I haven't been in a Health Fund for many years, and have aged in that time to pensioner time! This is the time when I feel Health Funds should be considered as with age creeping on the body begins to break down. As I wasn't in a fund, and found myself suddenly going through the agonies of a spinal canal stenosis which still has to be operated on, I have had to pay the 70% "penalty" rate now for the upcoming 10 years! I think this should be outlawed. Why should anyone be made suffer simply for not electing to take cover when younger, and especially at an age when they no longer can get employment to pay for the cost, but also battle with their health breaking down? I thought Health Funds were raised to HELP, not punish and rake in millions more in 'penalty rates'. 

Robert
Robert from NSW commented:

We are both pretty healthy and have PH as a risk management tool. We don't claim much or often. One of my biggest gripes is that the funds only allow a certain number of dollars per annum for each category. No one ever uses the full amount for all of them, but there is always a gap to pay for any individual item.. Why not allocate a total number of dollars to use as and where you need to ? 

Robert
Robert from NSW commented:

I'm old enough to remember when there was no gap. Medicare fixed that. One of my neighbours had to have both knees replaced a couple of years ago . No private health cover. Had to wait in much pain and discomfort for over a year.. 

Carolyn
Carolyn from VIC commented:

If your kids are grown up and you own your home, you probably don't want to keep paying for private cover. As you age, the limits on what you can claim for increase (just when you need it most). And, your less likely to be able to afford to pay the premiums as your super dwindles down (if your lucky enough to have any). Put an amount, equivalent to any premiums you pay, into an account and leave it there until you need it instead. Better than paying premiums for ever only to find you can't claim when you need to or that you have to let the policy go due to cost. The you have paid premiums for nothing. 

Ron
Ron from NSW commented:

Your article was so unhelpful someone wasted their time tapping on the keyboard.
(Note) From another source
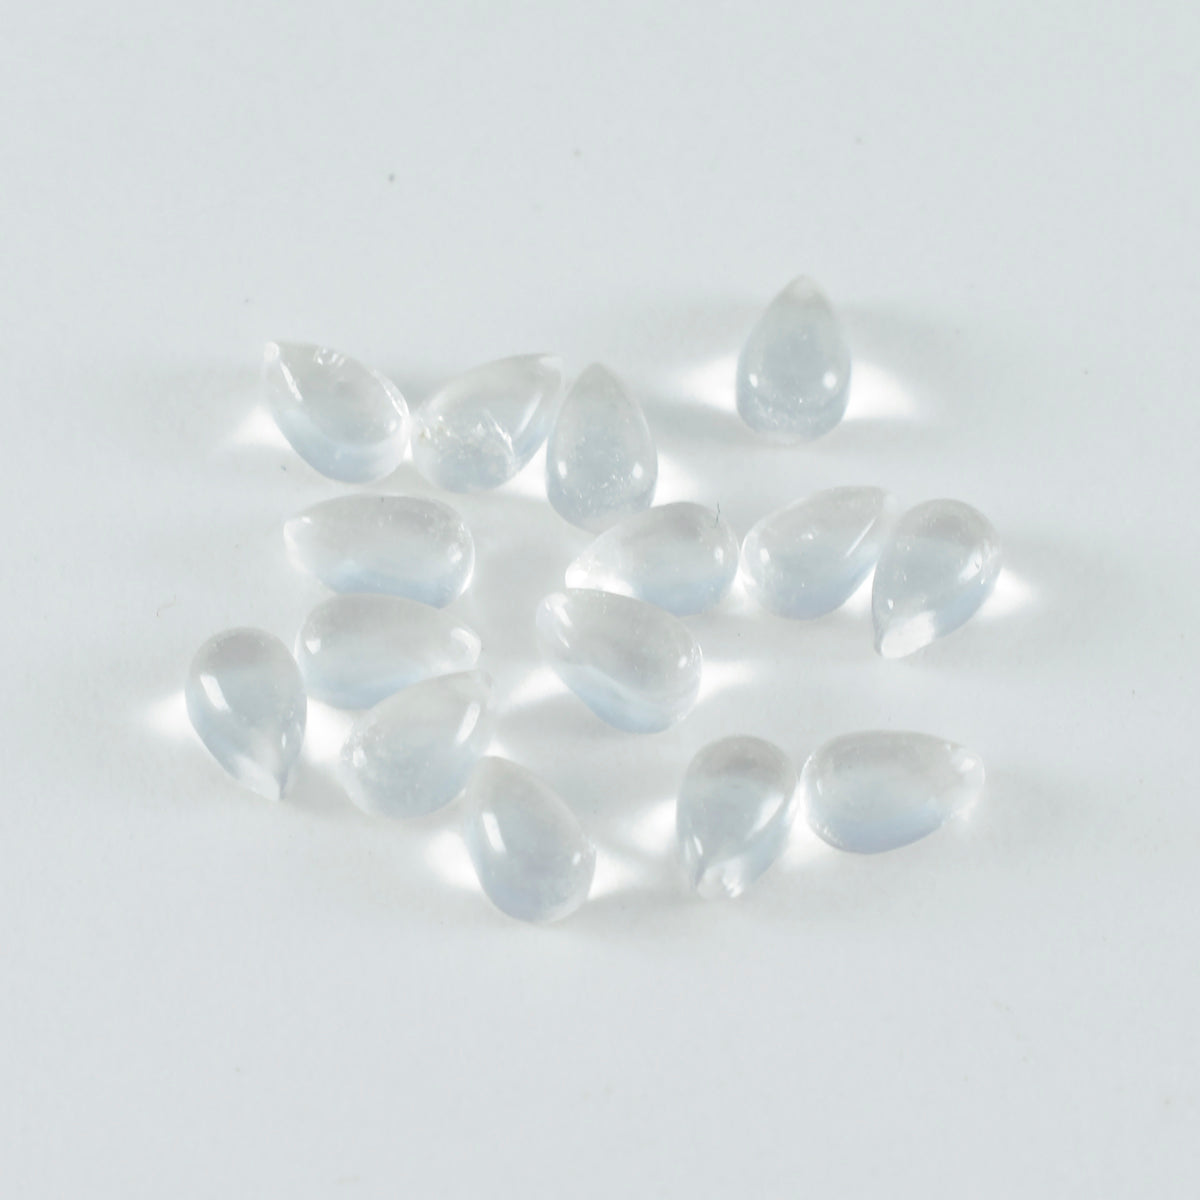 Riyogems 1pc cabochon de quartz en cristal blanc 5x7mm forme de poire superbe qualité pierre précieuse en vrac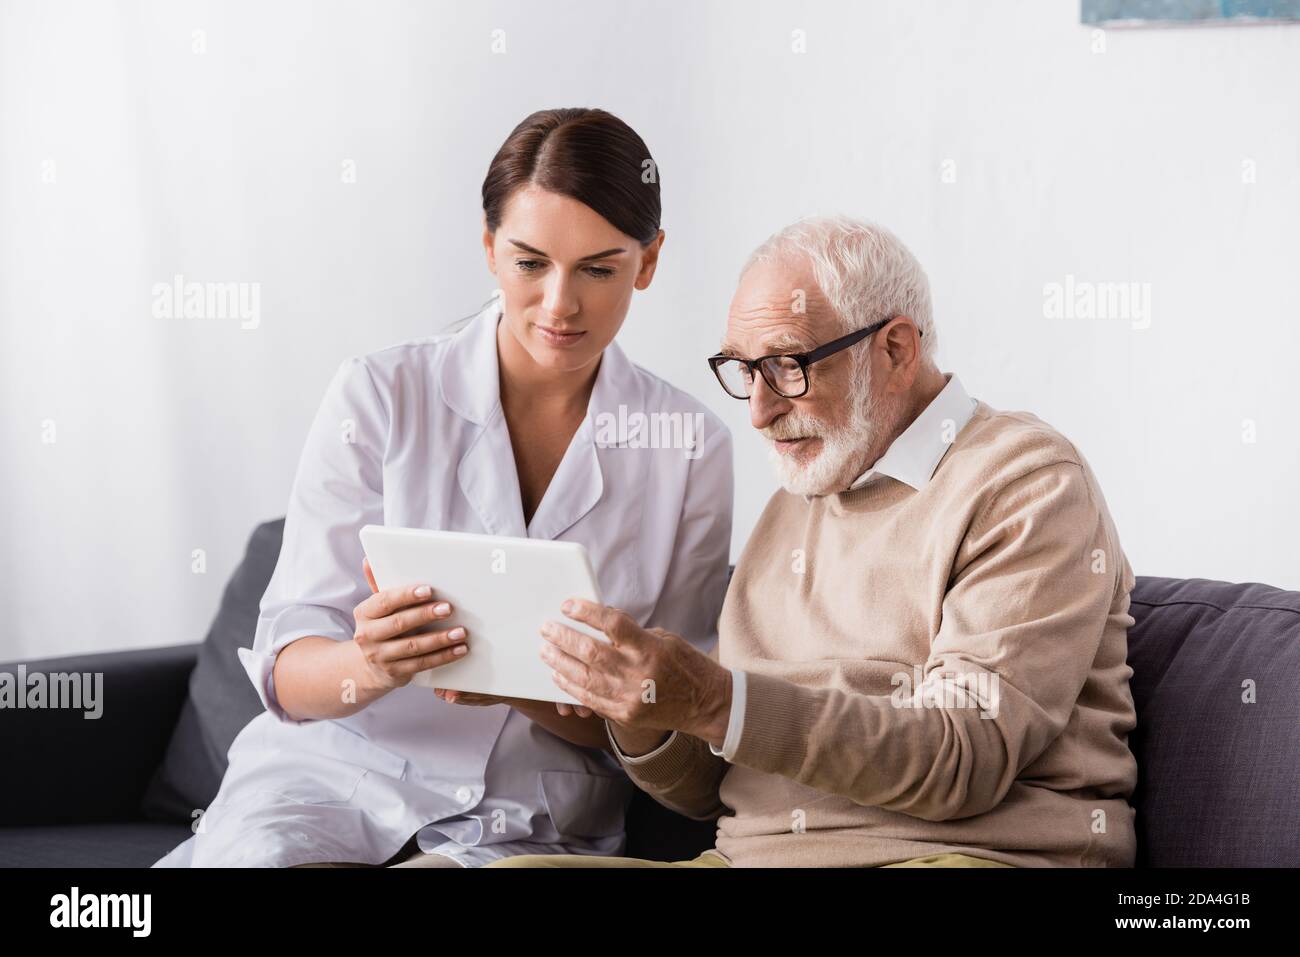 brunette geriatric nurse and elderly man using digital tablet together Stock Photo

Find them something more meaningful to do 

Anonymous
Anonymous from QLD commented:

I had a bi-lateral mastectomy 3 years ago and was out of pocket $6000 overall even though I have the highest hospital & extras. Part of the problem was that the government only recompensed me half the cost of the second breast. My husband now has prostate cancer and I can see that being about $5000 out of pocket. When you insure, you expect to have all your expenses paid. 

Anonymous
Anonymous from NSW commented:

my health fund told me this week that hearing aids are not covered by private health funds 

Katherine
Katherine from NSW commented:

exactly - mine aren't covered either.